Thursday, 1 August 2013

Sambhar Dal...my hybrid rose!!!

Sambhar DalI love Sambhar but not many people and places make the the kind I like...I cannot stand the Sambhar served in most restaurants here...too thin, too sweet , too sourso I happily chomp on the Idilis and Dosas with chutneys and when in the mood for Sambhar, I do my thick dal kind of version to at home and call it Sambhar Dal lest the "this is not authentic" brigade sues me...feel free to adjust the thickness/consistency to your liking – I promise everything else specified below is authentic!! J




Sambhar Dal (South Indian style Lentil and Vegetable stew)


Ingredients:

  • Tur/Tuvar/Arhar dal/ Split Pigeon Peas, 1 cup
  • Water, 4 cups (plus more if needed later)
  • Salt, to taste
  • Turmeric powder. ¼ tsp
  • Tamarind , small lime sized ball (refer to notes below) 
  • Drumsticks, 2-3, outer skin lightly scraped and then cut into about 3” pieces
  • Coriander leaves, a few for garnishing


For Tempering


  • Oil, 1 tbsp 
  • Mustard seeds, ½ tsp
  • Methi seeds/ Fenugreek, 7-8
  • Hing/ Asafoetida powder, a big fat pinch
  • Dried Red Chili, 1-2
  • Shallots/Pearl Onions/Sambhar onions, peeled, 10-12 (I didn’t have so used regular onions, sliced, 1 large)
  • Curry leaves, 7-8
  • Sambhar Masala Powder, 2 tsps (refer to notes below) 
  • Red chili powder, if needed


Instructions:


Soak tamarind in half cup hot water for 15-20 minutes. Extract a thick pulp and discard the rest. Keep aside.

Wash the dal till water runs clear. Soak it for about 20 minutes.
Pressure cook the dal with salt and turmeric till soft. (2 whistles in the pressure cooker, or you can do it in a pan). Once it cools down, open the cooker and blend the dal well with the back of the spoon. Keep aside


Heat oil in a deep pan on medium heat. Add mustard seeds and fenugreek seeds. When they start spluttering add in the dried red chilies, hing, onions and curry leaves. 

Stir for about a minute and add in the drumsticks. Sauté for a couple of more minutes.

Add in about a cup of water and let the mix come to a boil. Lower the flame, cover the pan and cook till drumsticks are almost done.

Once drumsticks are almost done, add the tamarind extract, red chili powder and sambhar powder.
Stir well and let it cook for a couple of minutes.

Add the dal to the pan and let it simmer for about 10 minutes.

 Adjust seasoning and the consistency to your liking – if too thick, add some water; too thin, let it simmer for another few minutes.


Notes:


  • Sambhar is not supposed to be either too thin or too thick – IMO, adjust consistency to your liking and call it what you want.


  • If you don’t have Tamarind, add tomatoes. Typically if tamarind is added, it is called sambhar, if tomatoes are added, it is called dal. Go ahead and add either or both.

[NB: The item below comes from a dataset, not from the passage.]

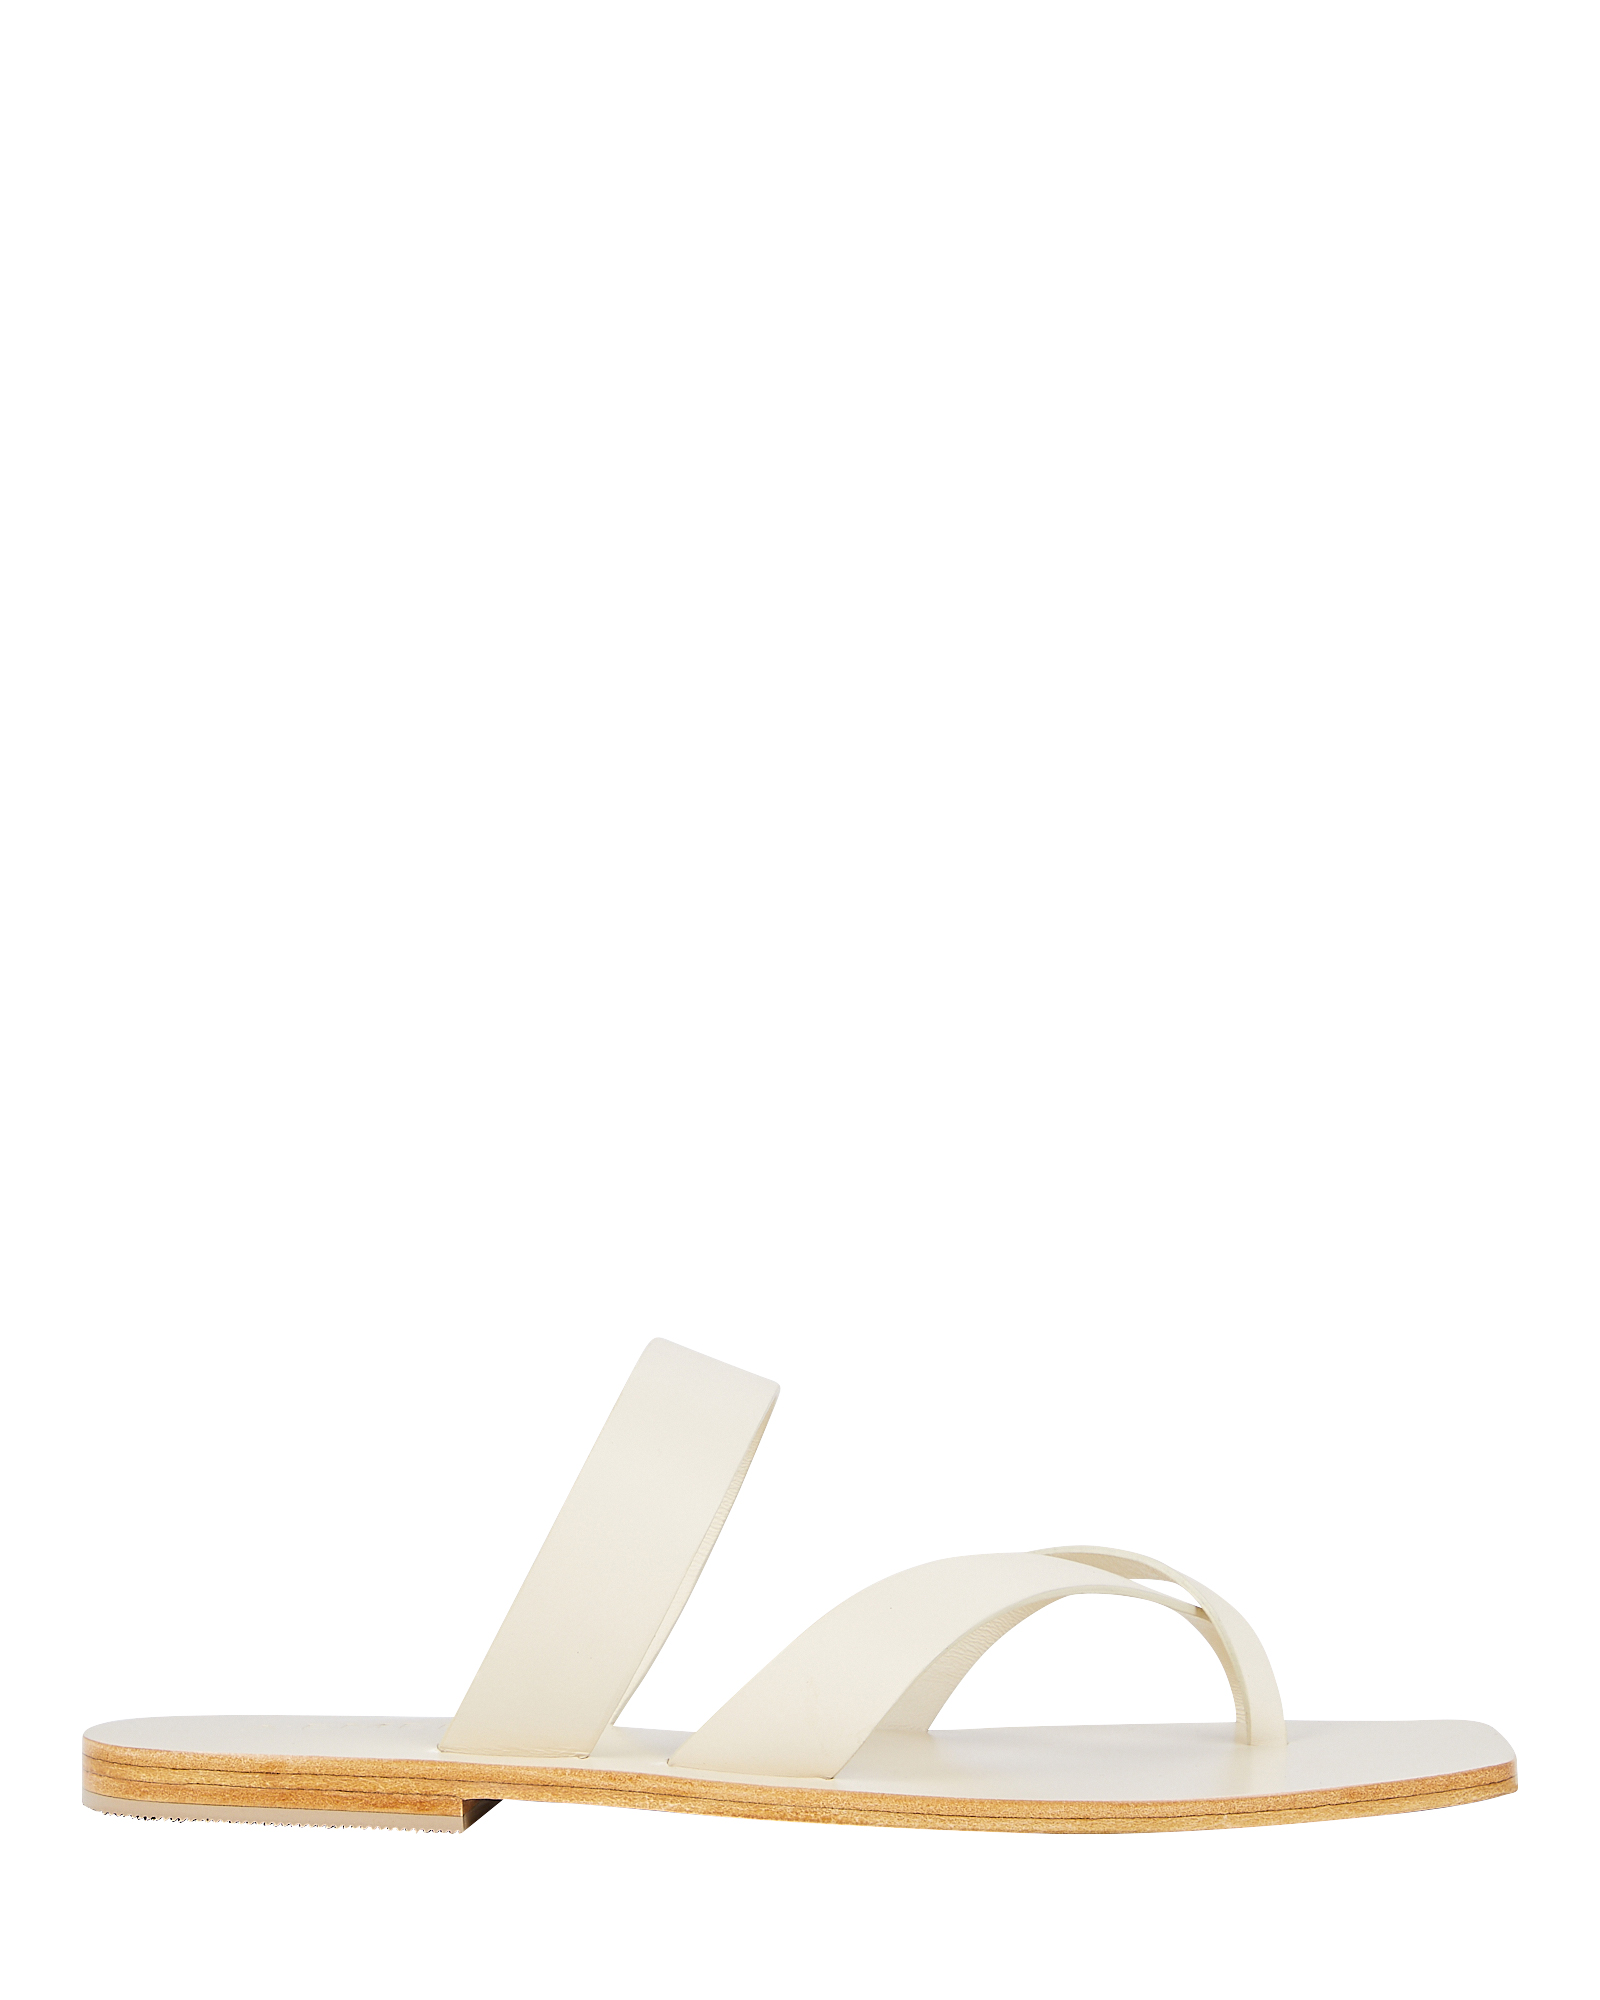 A.EMERY CARTER LEATHER SLIDE SANDALS

  • You can add packaged tamarind extract as well – just read the package and check for taste, as it can be a little sweet at times. Adjust seasoning accordingly.


  • You can replace drumsticks and add any vegetable of your choice – would suggest not adding more than 2-3 different kinds – ghiya/bottle gourd, drumsticks, tomatoes, onions, eggplants, carrots, green beans, pumpkin are some of the options.

  • Refer here on how to choose the right kind of drumsticks and how to eat them as well!


  • You can add ½ tsp sugar or jaggery towards the end to balance flavors – I don’t


  • If you don’t have sambhar masala, add about a tbsp of coriander powder while sautéing the veggies and up the quantity of red chili powder as well. You can of course make your own Sambhar powder using the below recipe:


Sambhar Masala Powder

Ingredients:

  • Chana Dal/ Split Bengal gram, 1 tbsp
  • Urad dal/Skinless Split black lentils, 1 tbsp
  • Tur/Tuvar/Arhar dal/ Split Pigeon Peas, 1 tbsp
  • Methi/ Fenugreek seeds, ½ tsp
  • Mustard seeds, ½ tsp
  • Coriander seeds, 2 tbsp
  • Cumin seeds, 1 tbsp
  • Dried red chilies, 10-12
  • Curry leaves, 7-8 
  • Hing/ Asafoetida powder, ½ tsp
  • Turmeric, 1 tsp
  • Oil, 1 tsp


Instructions:



Mix all dals and roast on low flame with a tsp of oil till they crisp up and turn reddish. Keep aside to cool.

Individually roast all other ingredients in the same pan except turmeric and hing. Keep aside to cool.

Pls. ensure that you don’t burn any one of them.

Once everything is cooled down, dry grind into a fine powder. Done!!

Store in an airtight container and use as needed.